Let $d(n)$ be the number of divisors of $n$. Heath-Brown proved that there are infinitely many integers $n$ such that $d(n)=d(n+1)$. Thus there are infinitely many $n$ that resist change. Later, Pinner proved that for any positive integer $B$, there are infinitely many integers $n$ such that $d(n)=d(n+B)$. Heath-Brown gives an asymptotic estimate that shows that the phenomenon is in fact not very rare.
Please follow this link for a survey of properties of the divisor function $d(n)$. You can find the paper by Pinner here. It is now known that for any positive integer $a$, there are infinitely many $n$ such that $d(n)=d(n+1)=24a$.
There has been work, mainly computational, on sequences of more than two consecutive integers that all have the same number of divisors.

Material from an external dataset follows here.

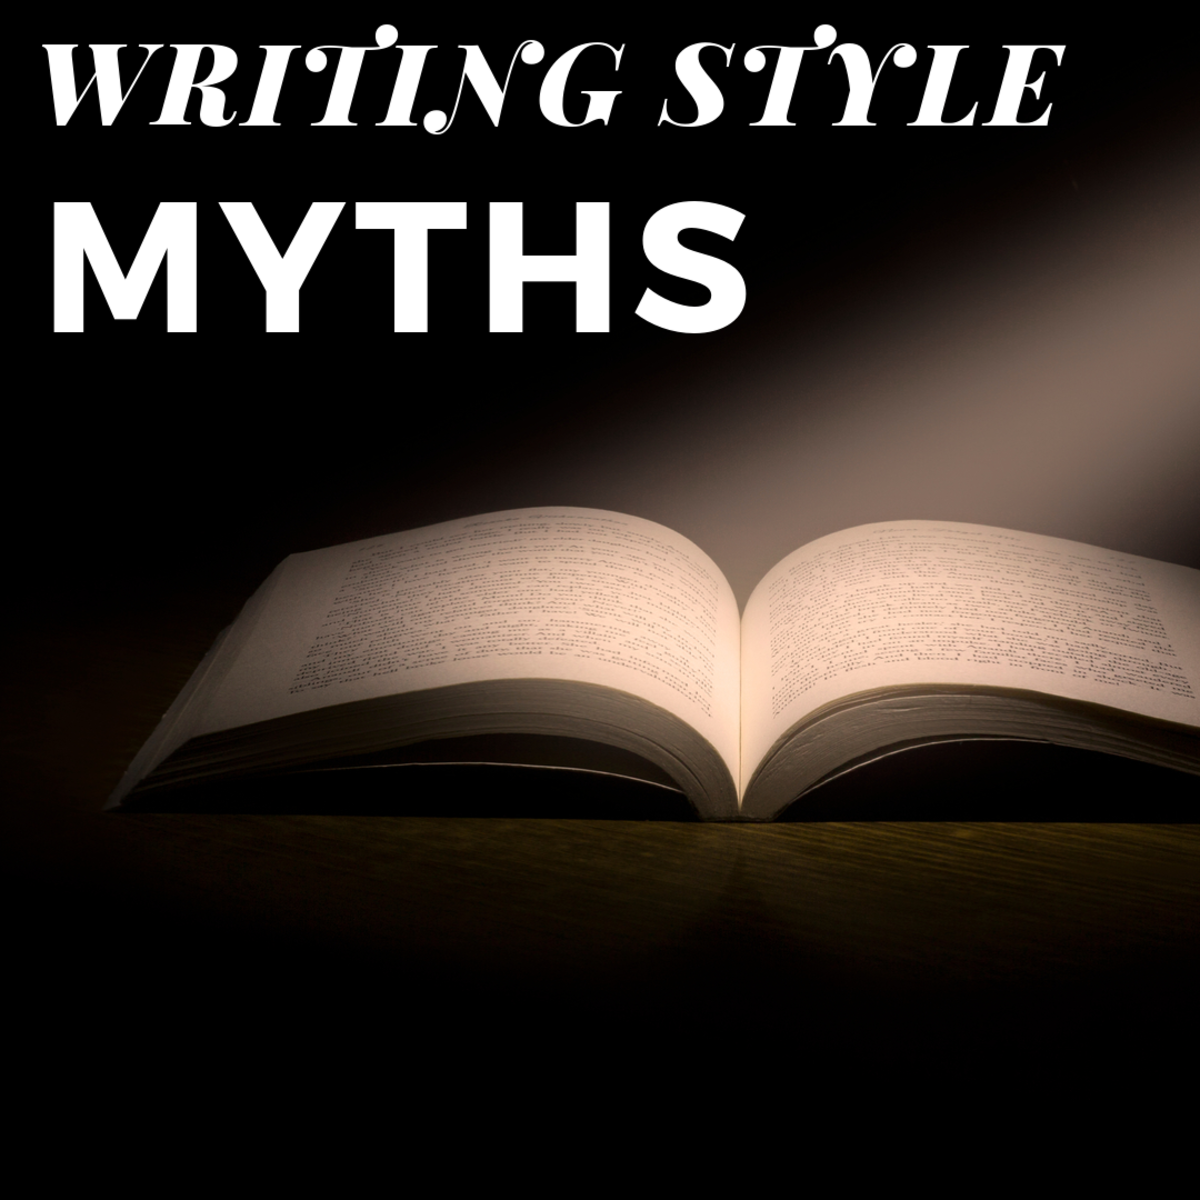 Writing Style Myths

Edit: Please see the comments of @Gerry Myerson below.
It is still an open question whether there are infinitely many $n$ such that $d(n)=d(n+1)=d(n+2)$.
The proofs of the results of Heath-Brown and Pinner are difficult. There is a University of Waterloo Master's thesis by Pechenick that gives a less condensed proof of the result of Heath-Brown, and mentions and/or proves a number of other related results, for example about the number of prime divisors of consecutive integers.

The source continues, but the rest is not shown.